Dünyayı Değiştiren 10 Gürültülü Protesto

Tarih, vatandaşların, hayatlarını etkileyen, aynı fikirde olmadıkları bir şeye karşı çıkmak için sokaklara döküldüğü anlarla doludur. Elbette her protesto güçlü ya da sonuç doğurucu değildir, ancak bazılarının ulusları değiştirme ve hatta yaratma gücü vardır. Medeniyetlerin varlığı boyunca protestolar kitlelere ses vermenin, otoriteye meydan okumanın ve hayatları daha iyiye doğru değiştirmenin bir yolu olmuştur.

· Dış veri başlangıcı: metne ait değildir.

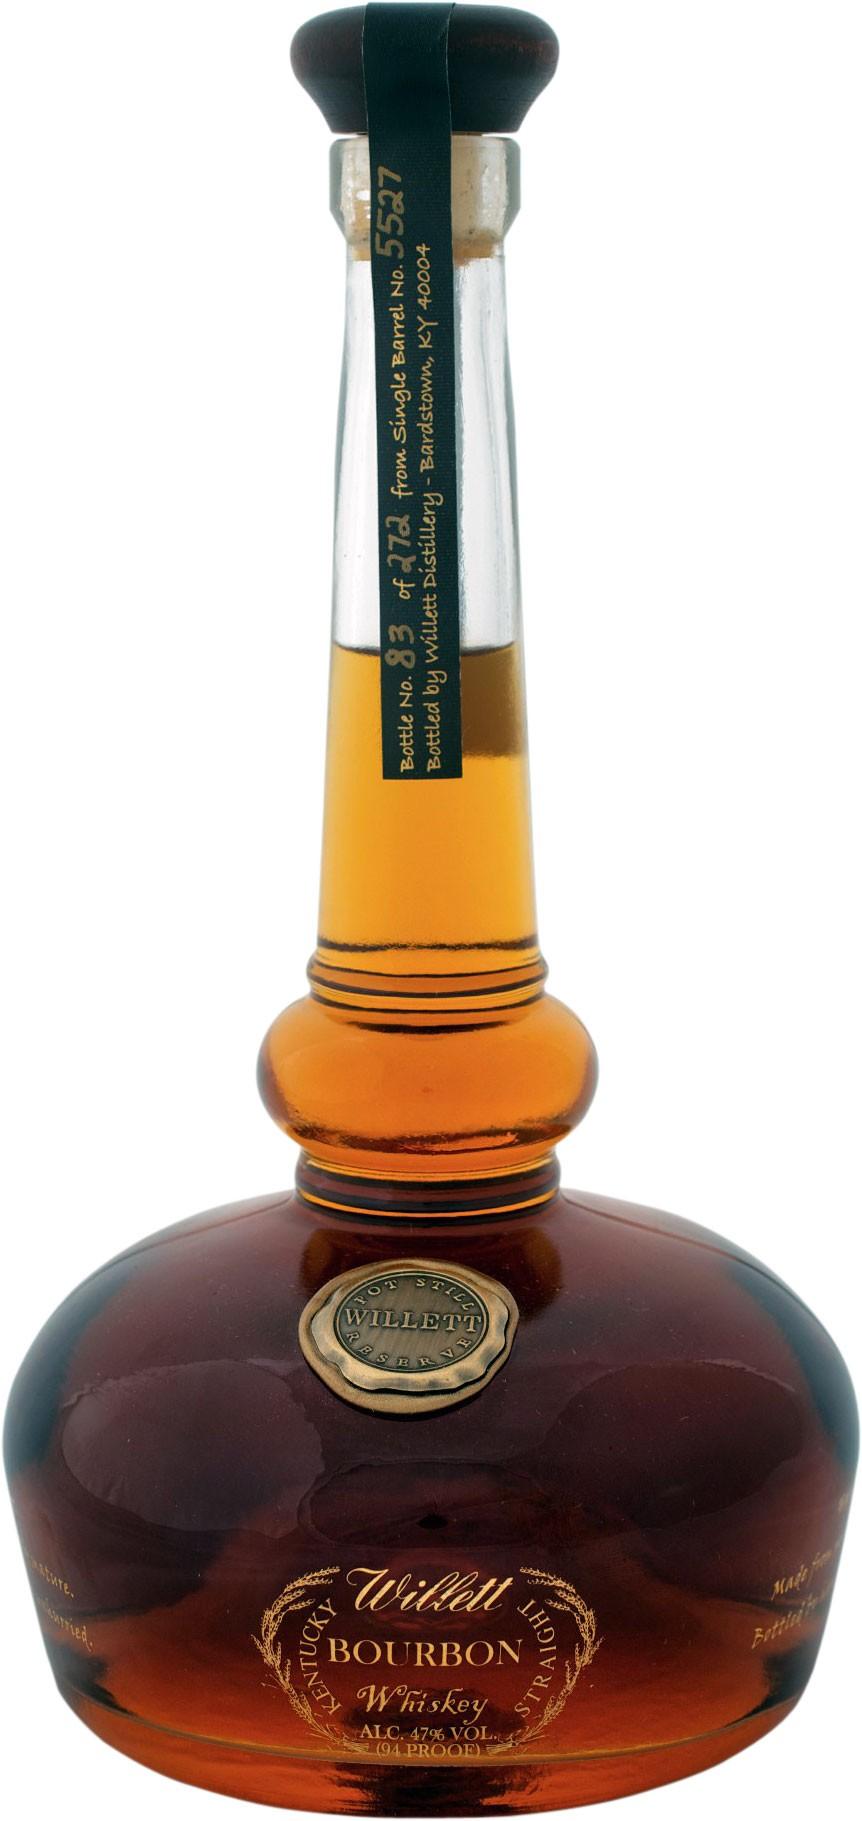 WILLETT Reserve Bourbon Whiskey Pot Still 47% 0,7 l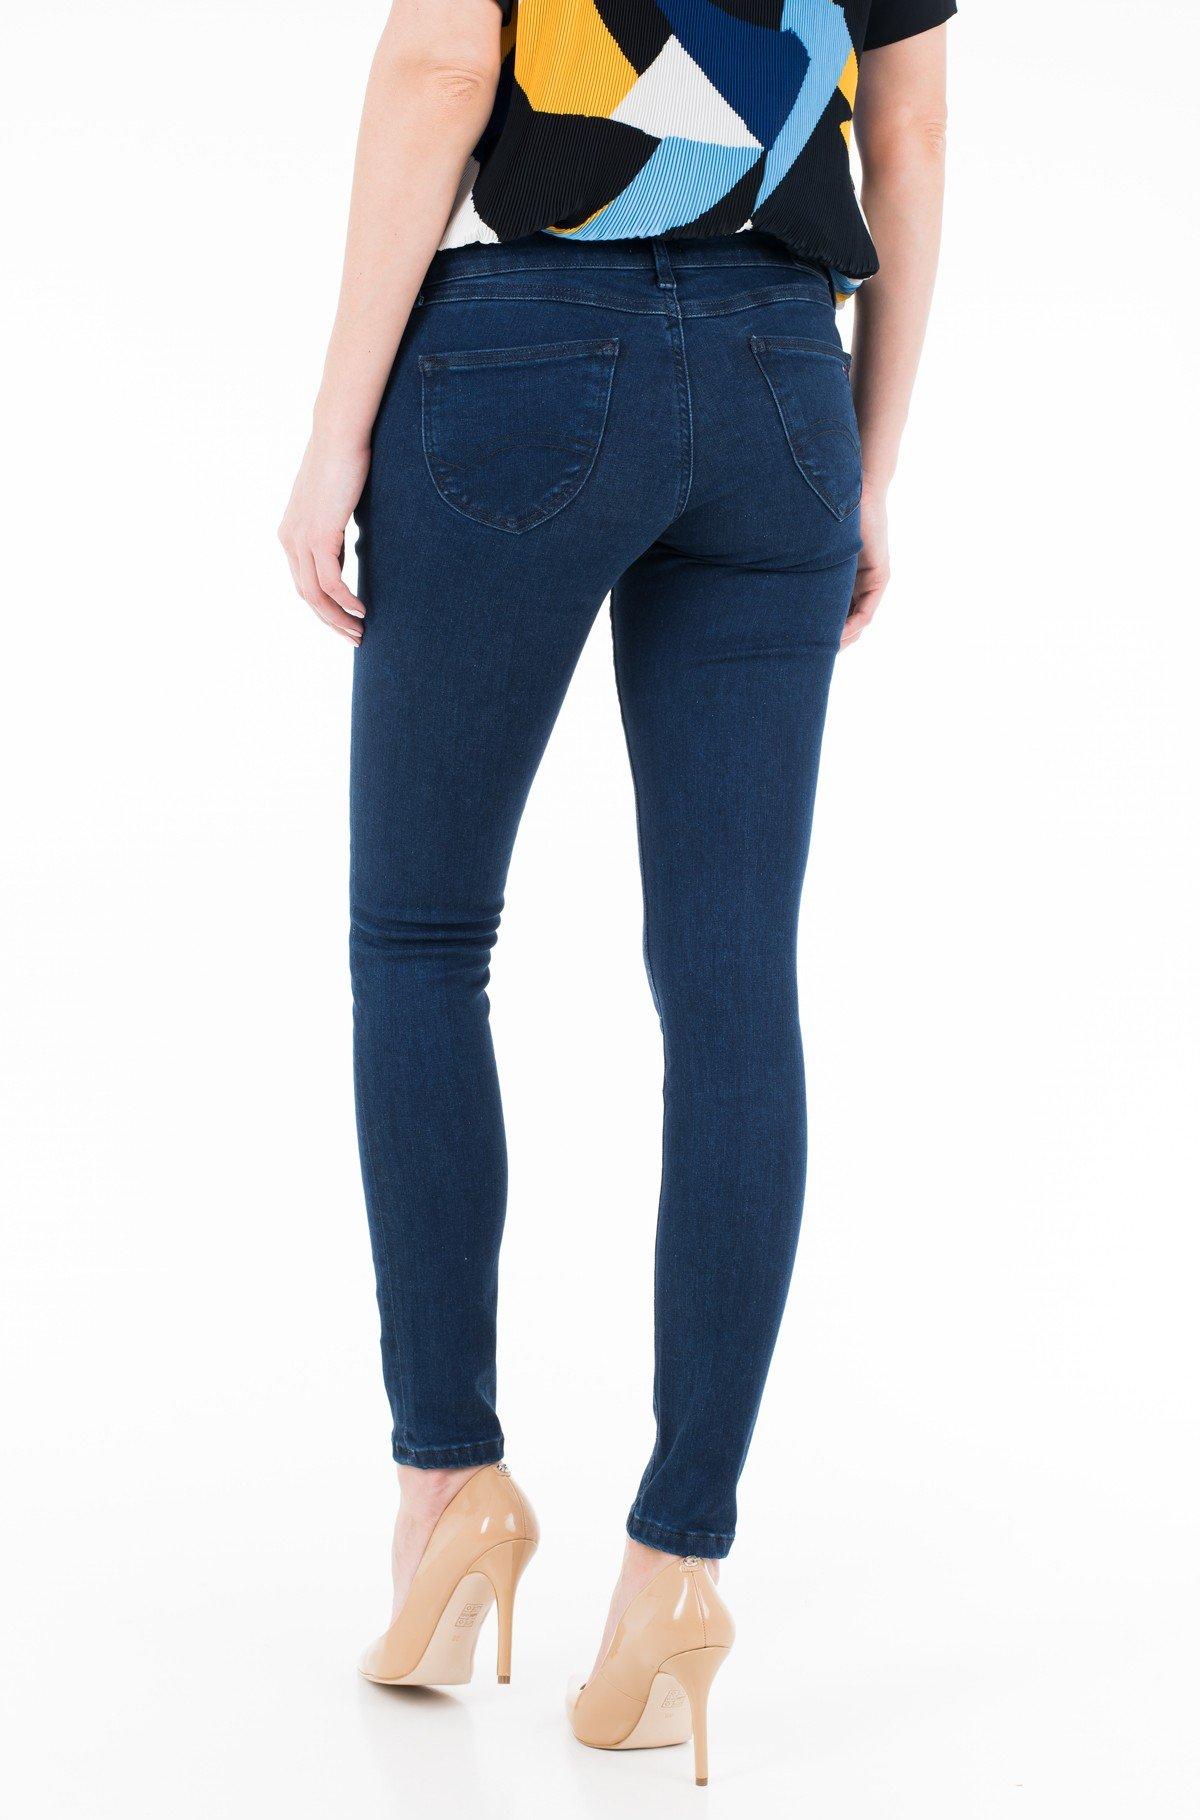 Jeans LOW RISE SKINNY SOPHIE PLSHDK-full-2

Bazı protestolar yüzyıllarca olmasa da onlarca yıl boyunca tartışmayı harekete geçirirken, diğerleri sadece aylar, hatta günler içinde değişimi tetikliyor. Protestoların ilginç yanı, bazılarının uygulamada başarısız olmasına rağmen yine de değişim yaratabilmesidir. Tüm protestolar dünyayı değiştiremez ama bazıları bunu yaptı, bu yüzden bu makalede bunlara bakacağız.

10. Irak'taki savaşa karşı protestolar

Irak'ı işgal etme kararı bir süredir Bush yönetiminin üzerinde çalıştığı bir konuydu. Bushagodami yönetiminin üyeleri, Başkan Yardımcısı Dick Cheney ve Savunma Bakanı Donald Rumsfeld'in meseleyi yönetmesiyle işgal etmek için nedenler arıyorlardı. 11 Eylül gerçekleştiğinde yönetim bunu “teröre karşı savaş” yoluyla kararlarını haklı çıkarmak için kullanmaya karar verdi.

ABD, yaklaşmakta olan bir işgali önceden önleme konusunda yavaş davranmak için pek çok neden öne sürdü, ancak onlar adına bu kararı veren neden, onlarca yıldır Amerikan dış politikası üzerinde bir leke oldu.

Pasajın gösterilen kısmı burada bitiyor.